To do>
Leave out all pictures. Extract exactly the lines from the one containing "Ниши Кацудзо Золотые" through the end of the data.

The data>

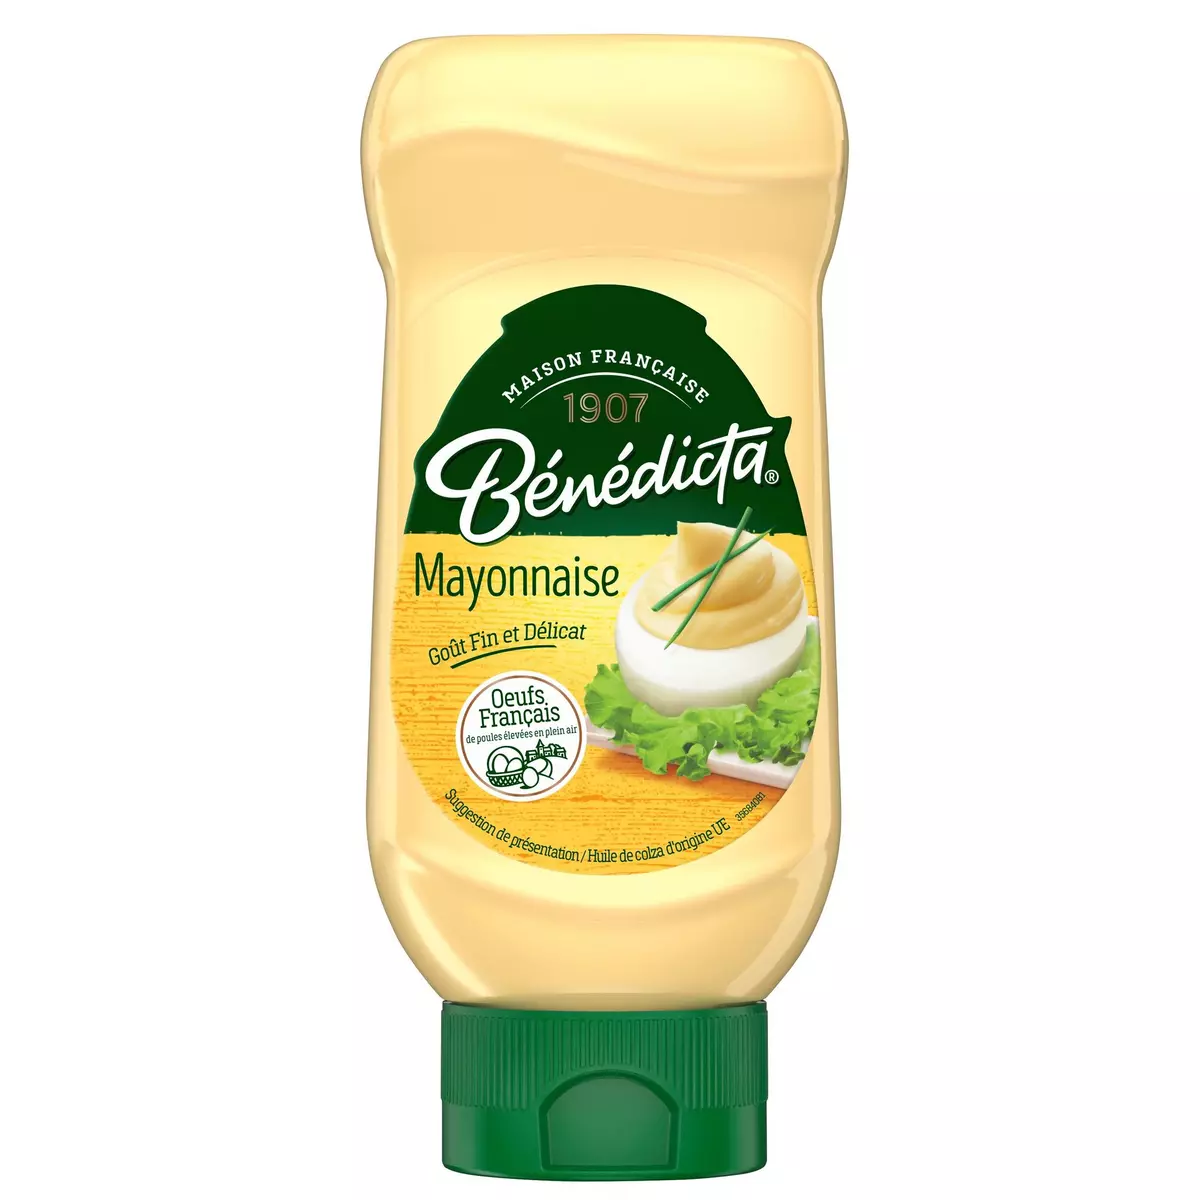 BENEDICTA Mayonnaise flacon souple 400g
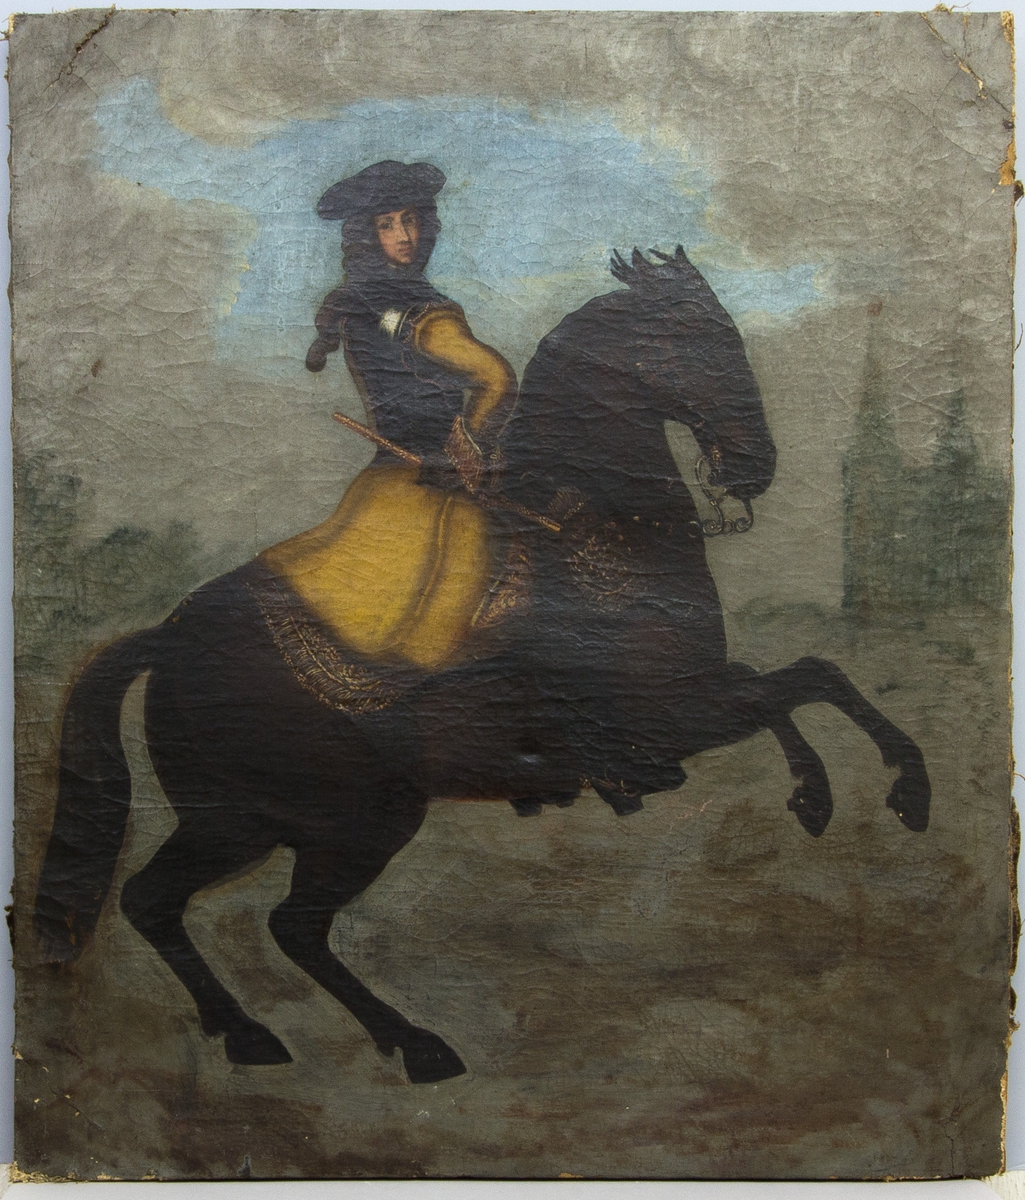 Porträtt av Karl XI till häst med armen i sidan, iklädd lång gul rock. Kyrka eller slottsbyggnad i bakgrunden.
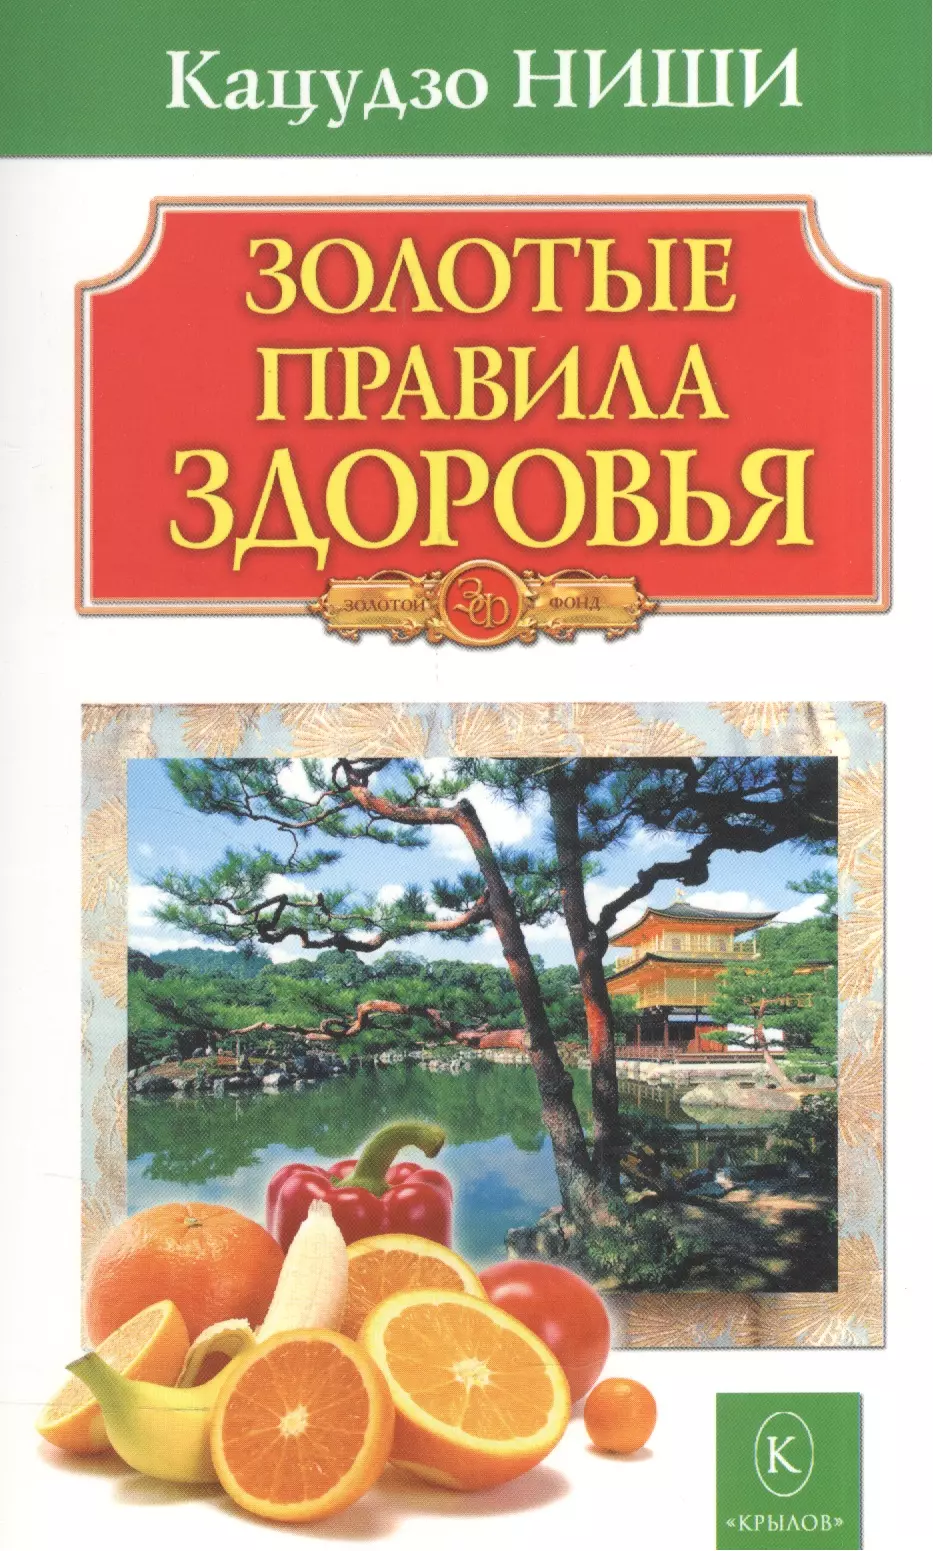 Ниши Кацудзо Золотые правила здоровья 16-е изд.
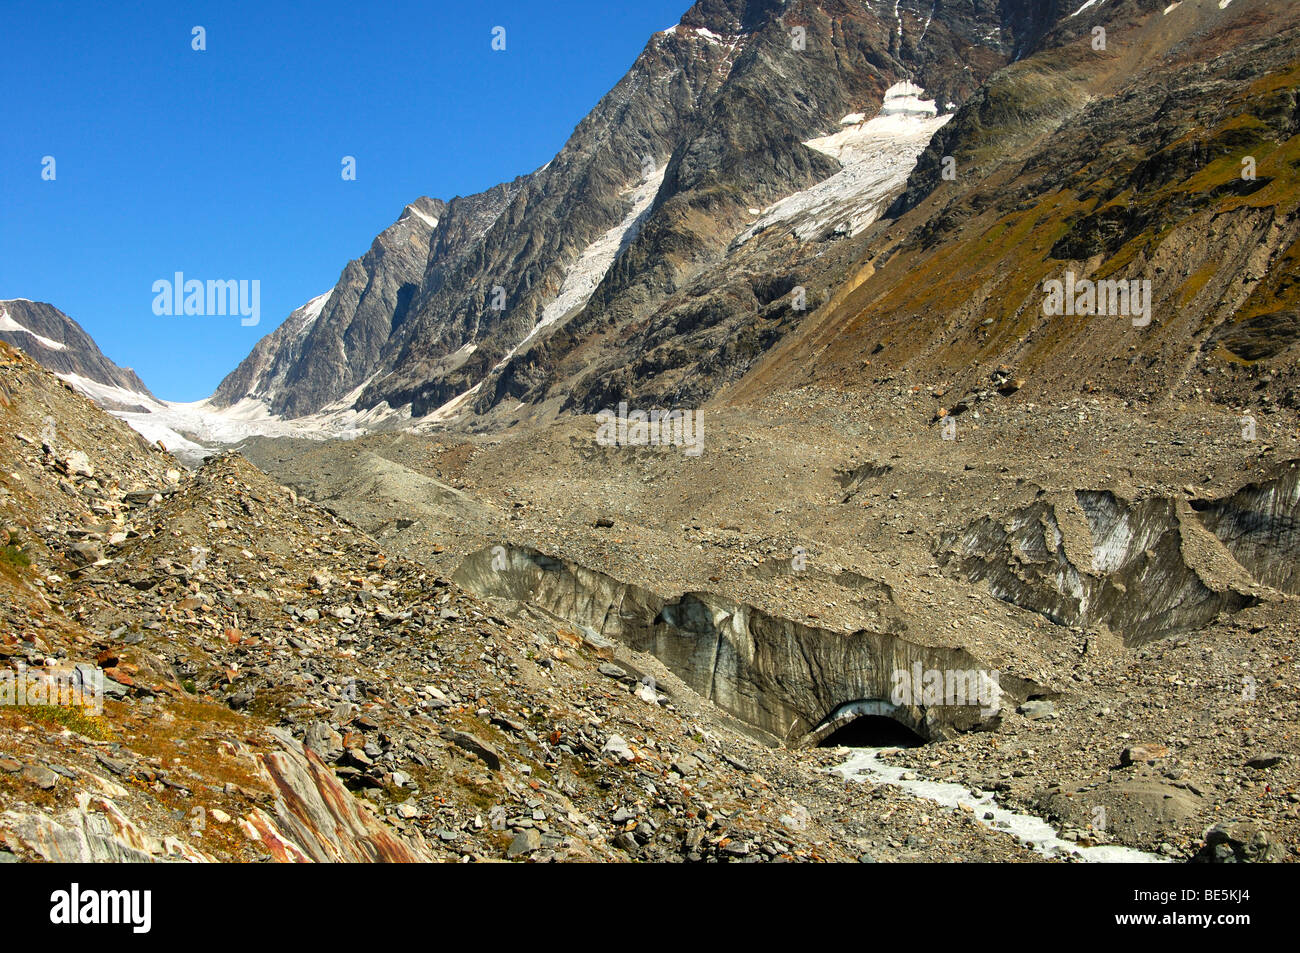 Rocce e detriti in corrispondenza della fine del fronte di ghiaccio del ghiacciaio Langgletscher, Loetschental, Vallese, Svizzera Foto Stock

Answer section>
 Ниши Кацудзо Золотые правила здоровья 16-е изд.
 Rocce e detriti in corrispondenza della fine del fronte di ghiaccio del ghiacciaio Langgletscher, Loetschental, Vallese, Svizzera Foto Stock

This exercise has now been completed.